Photo of Peter Lawson

This past quarter saw remarkable progress in starlight suppression technology, demonstrated across several fronts. At JPL, in the original High Contrast Imaging Testbed (HCIT-1), Gene Serabyn obtained narrow-band contrasts less than 1 x 10-9 with the vector vortex coronagraph. In the new HCIT-2, and also in narrow-band light, Olivier Guyon and collaborators reached 6 x 10-10 with the Phase Induced Amplitude Apodization (PIAA) coronagraph. Moreover, Mark Clampin at NASA/GSFC reached 3 x 10-9 contrast monochromatically with the Visible Nulling Coronagraph. These each represent about an order of magnitude improvement in performance over where they were a year ago. If these teams formally meet their Milestones in the New Year, as undoubtedly they will, they will each move on to the greater challenge of testing at broader bandwidths.

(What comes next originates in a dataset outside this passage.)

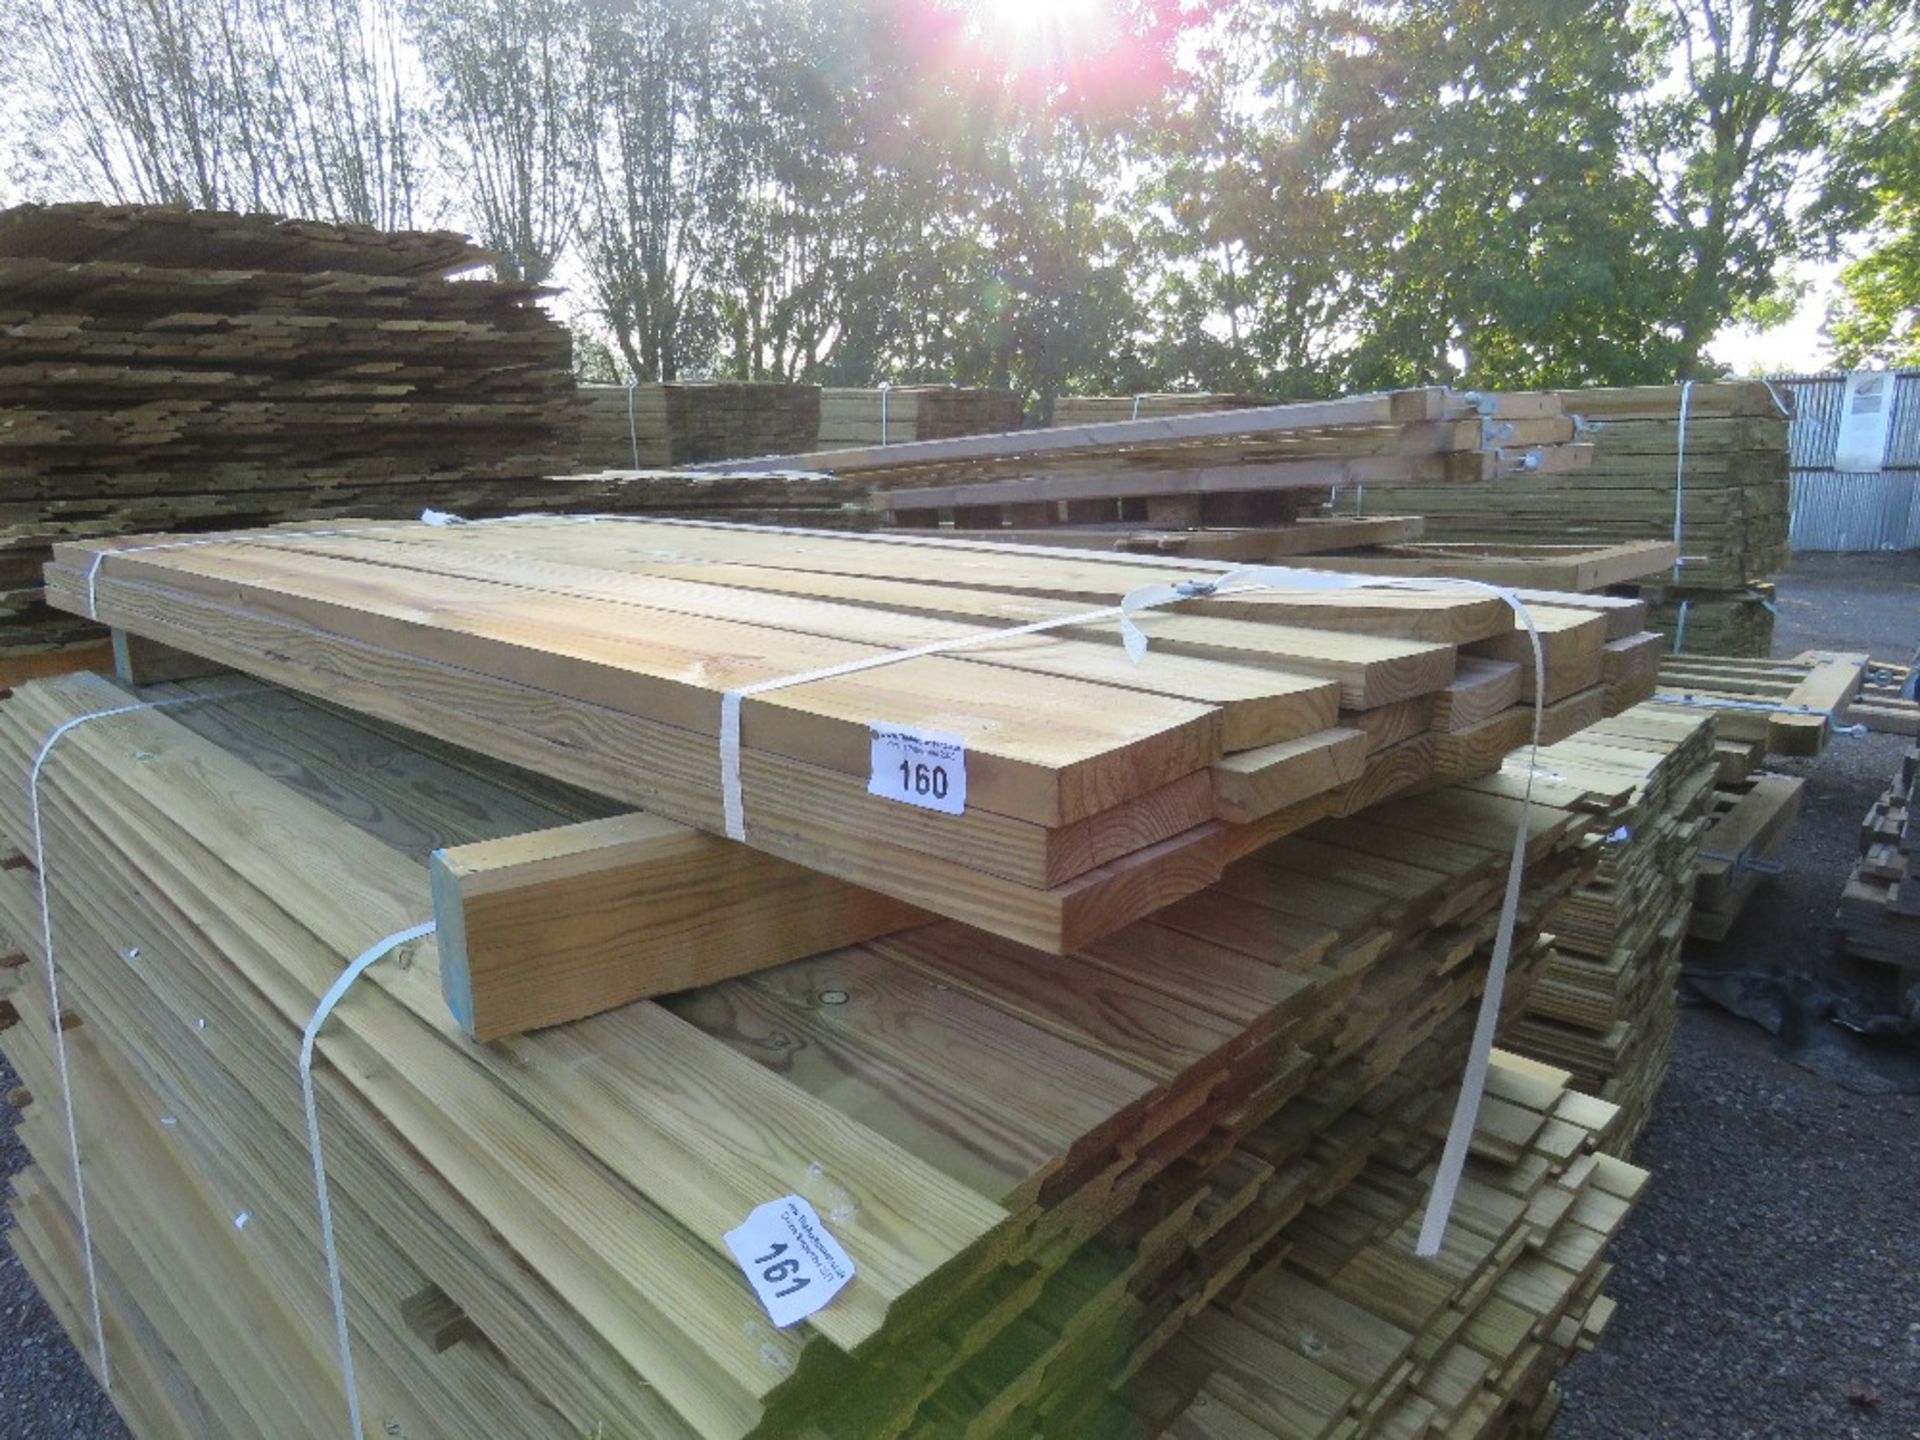 SMALL BUNDLE OF PRESSURE TREATED TIMBER BOARDS 1.83M X 140MM X 30MM APPROX.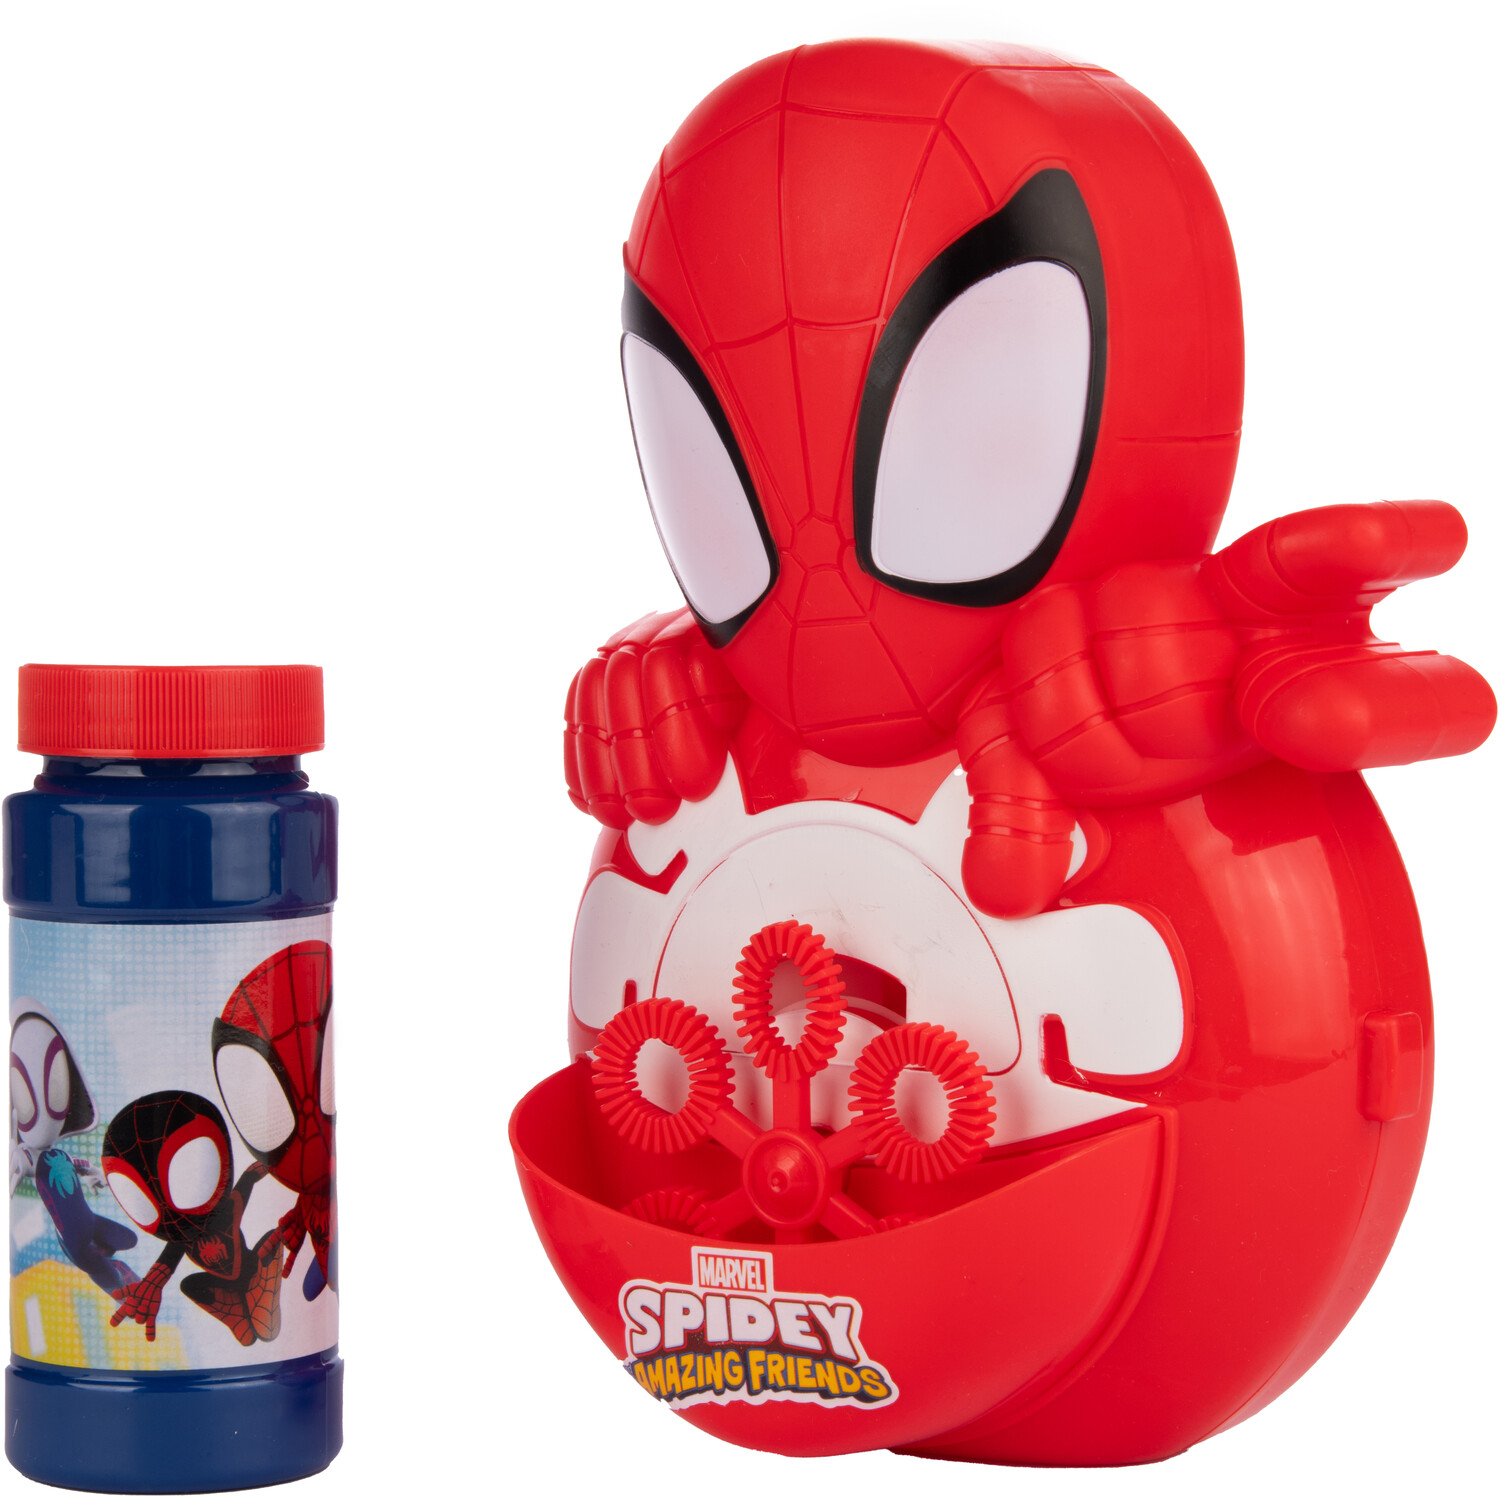 Spidey and his Amazing Friends Bubble Blower - Red Image 4

The new ExEP Technology Plan Appendix has been updated for 2012-13, and is in the final process of being edited for release. It maintains substantially the same direction as last year, but reflects the progress noted above and elsewhere. Perhaps the most interesting new direction the community has taken this past year has been to develop ideas for coronagraphy with partially obscured apertures – to potentially equip one NASA’s newly acquired 2.4-m telescopes for high-contrast imaging. Although this effort isn’t yet an integral part of the ExEP technology plan, there are up to date references included in the revised draft for the benefit of interested readers. Interesting times indeed.